14 replies to this topic

[bobdark]

public void addEmployee(String name , int idNumber , int age , double salary , String title , String department)
    {
        if(isEmpty())
        {
            first = last = new Employee(name , idNumber , age , salary , title , department);
            return;
        }
        else
        {
            Employee temp = new Employee(name , idNumber , age , salary , title , department);
            last.setNextEmployee(temp);
            last = temp;
        }
    }

[ZekeDragon]

R3.RyozKidz said:

why is a code that can contains two class ..? as i know , after i have compiled it , it will have 2 different .class file .

Jav files may have as many classes as you want to place in them, however they may only have a single public class that is named the same as the file it is in.

R3.RyozKidz said:

why is the code fields are without access modifier (private , public ,protected) ? is java compiler will assume this fields are public ?

When you omit the access specifier, that means it is a special type of access called "friendly" access.
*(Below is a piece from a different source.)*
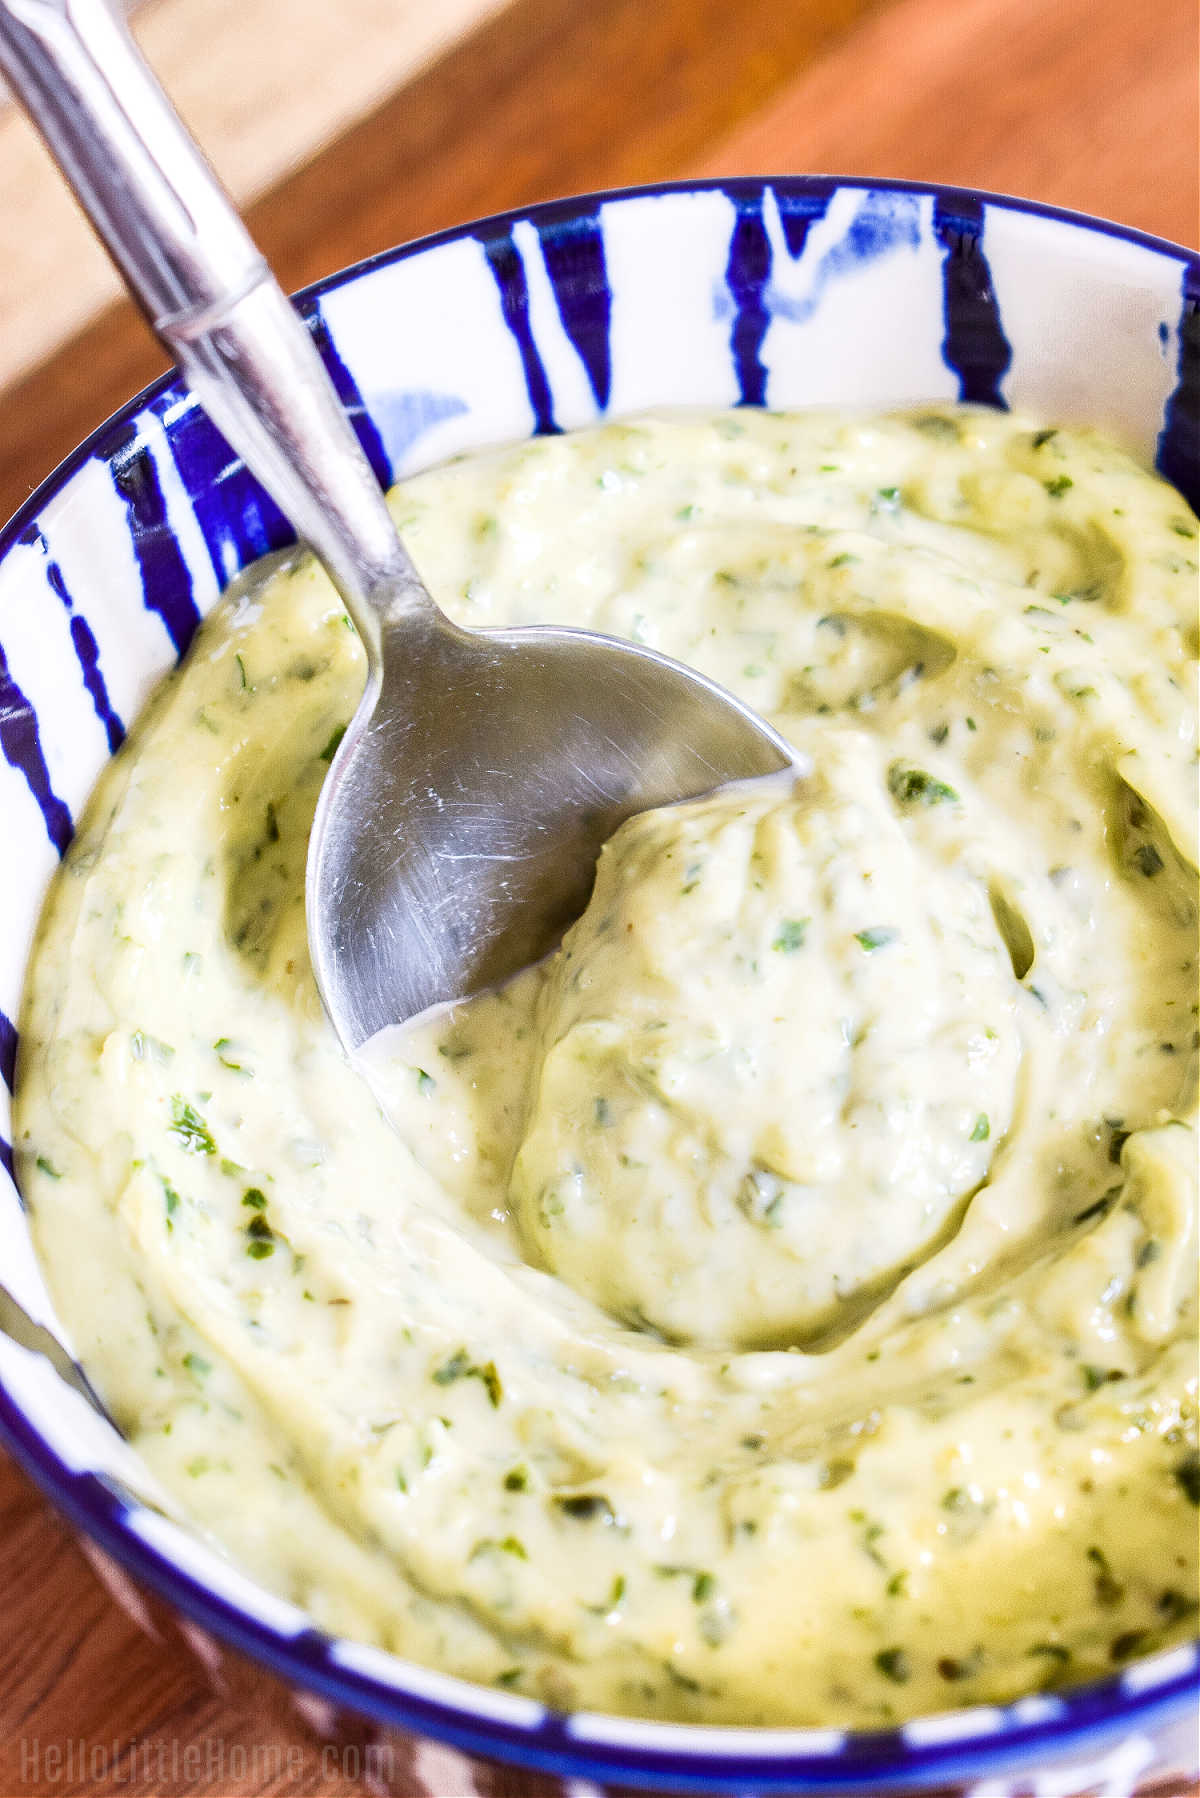 A spoon stirring the finished pesto mayonnaise sauce.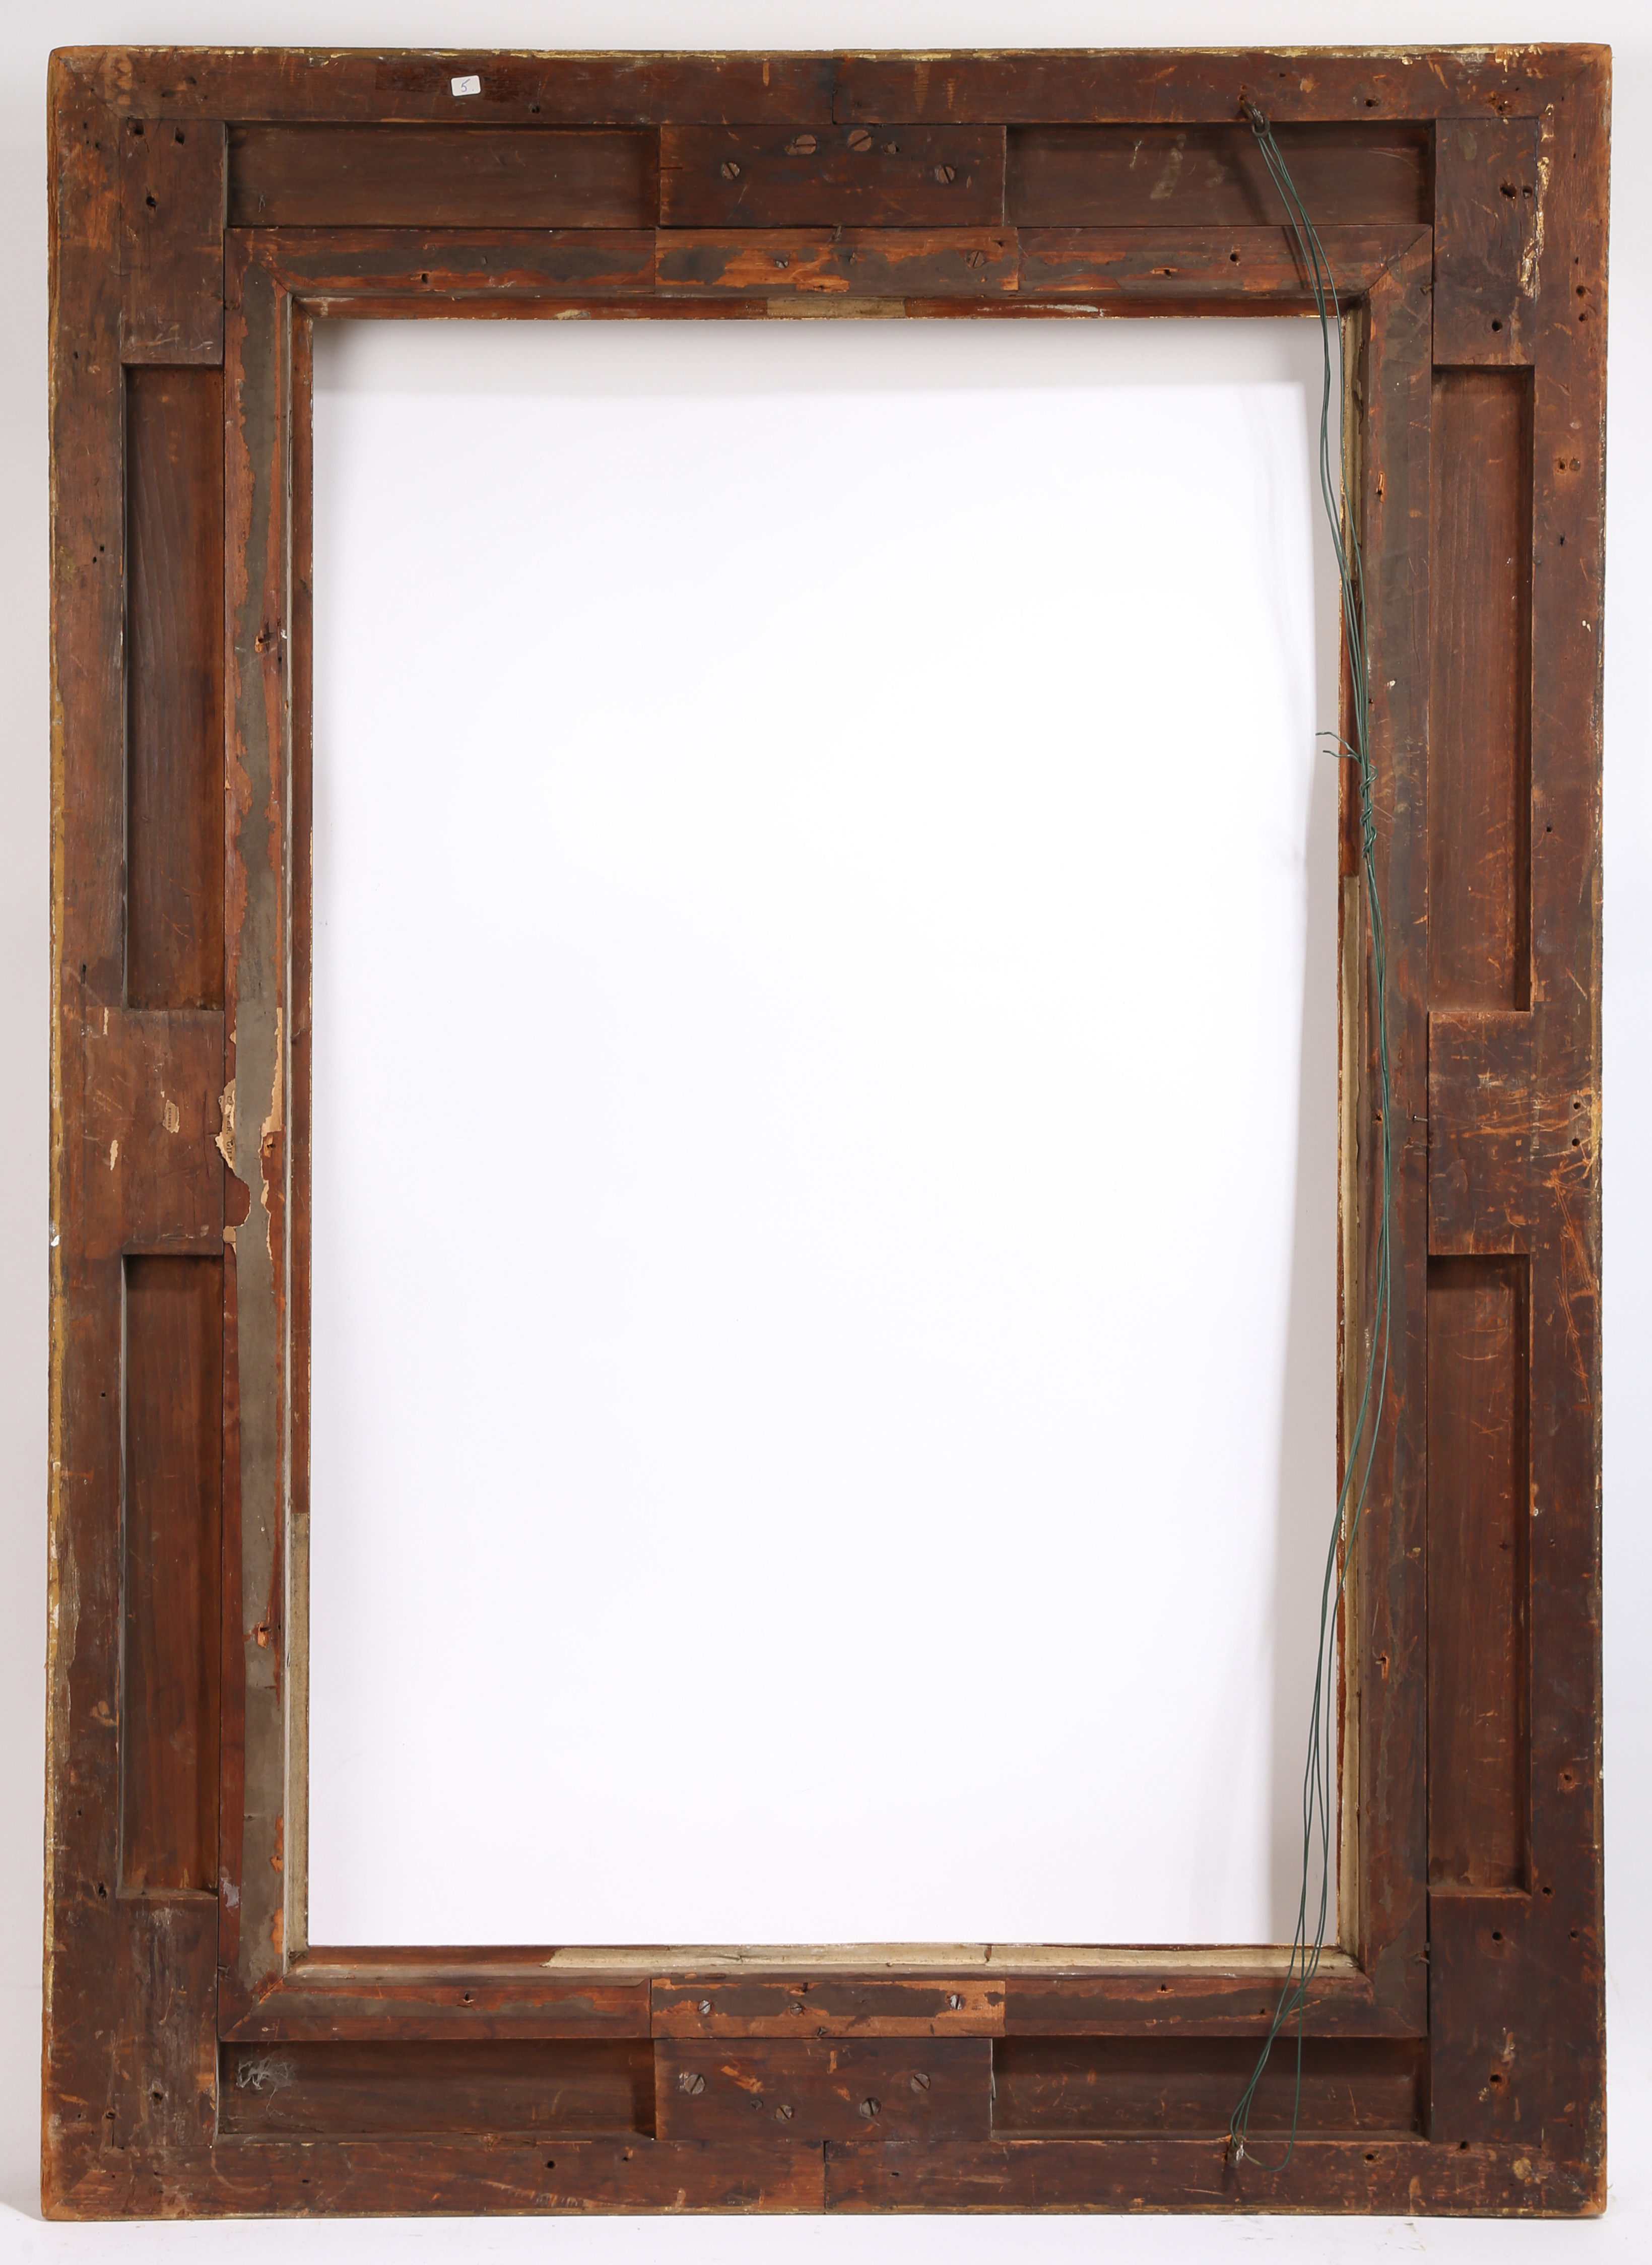 19th century English pattern picture frame with intricate centres and corners - rebate size 22in x - Image 2 of 3

This means that all objects within the same package as the class have access to that class, however no other classes have access to it.

[bobdark]

Ok regarding what happens there...
1)
a)new employee is created, lets call him x.
b)the 'next' field of the object pointed to by 'last' is set to point to x (everywhere I say points to, I mean holds reference to..., I'm saying 'points' for the sake of simplicity)
c)'last' is set to point to the newly created x.
There are two assignment operations, the right one first, if I'm not wrong it returns the value that the right operand was assigned, like in C. Next, 'last' is assigned the returned value.
Why this code works? Exactly because java uses reference semantics (fix me if I'm wrong, I think this is the way it is called) - the trick is only at point when there is one single object in the list. Because 'first' and 'last' hold reference to the same object,

last.next = new employee

updates the object pointed to by 'first' - that, by the way, what your code did not do, the 'next' field of the object pointed to by 'first' at your code was not updated when you added the second employee, but stayed null, this is why you had only the first employee printed. When your list has 2 or more elements, your code too should work fine.

2)explicitly insert the new employee as last node -
a) create new employee and set 'temp' to point to it.
b) set the last node's 'next' field to point to the new employee.
c) set the new employee as the last one

3)
a)overwrite 'last' with it's 'next' value (pointless anyway because in the next command you overwrite it again)
b)set 'last' to point to the newly created employee

this code didn't work because you didn't update here the 'next' field of 'last' to point to the new object. That is why after adding the second employee, the 'next' field of the first was still null and as I wrote above, you had only 1 employee printed.

General advice - usually try to avoid multiple assignments in one line.

[bobdark]

it updates the variable 'last' with a new value, but it doesn't update the object pointed to by 'last', which is the problem here.

[bobdark]

yes, 'last' - THE VARIABLE 'last', NOT THE OBJECT THAT 'last' holds reference to, is set first to hold the 'next' value and then the new object.
The problem is that the OBJECT REFERENCED by 'last' is not updated, more precisely, it's 'next' field.

[bobdark]

You had to do two different assignments:
1) last.next = new employee x
2) last = x
the first assignment would have had updated the referenced object.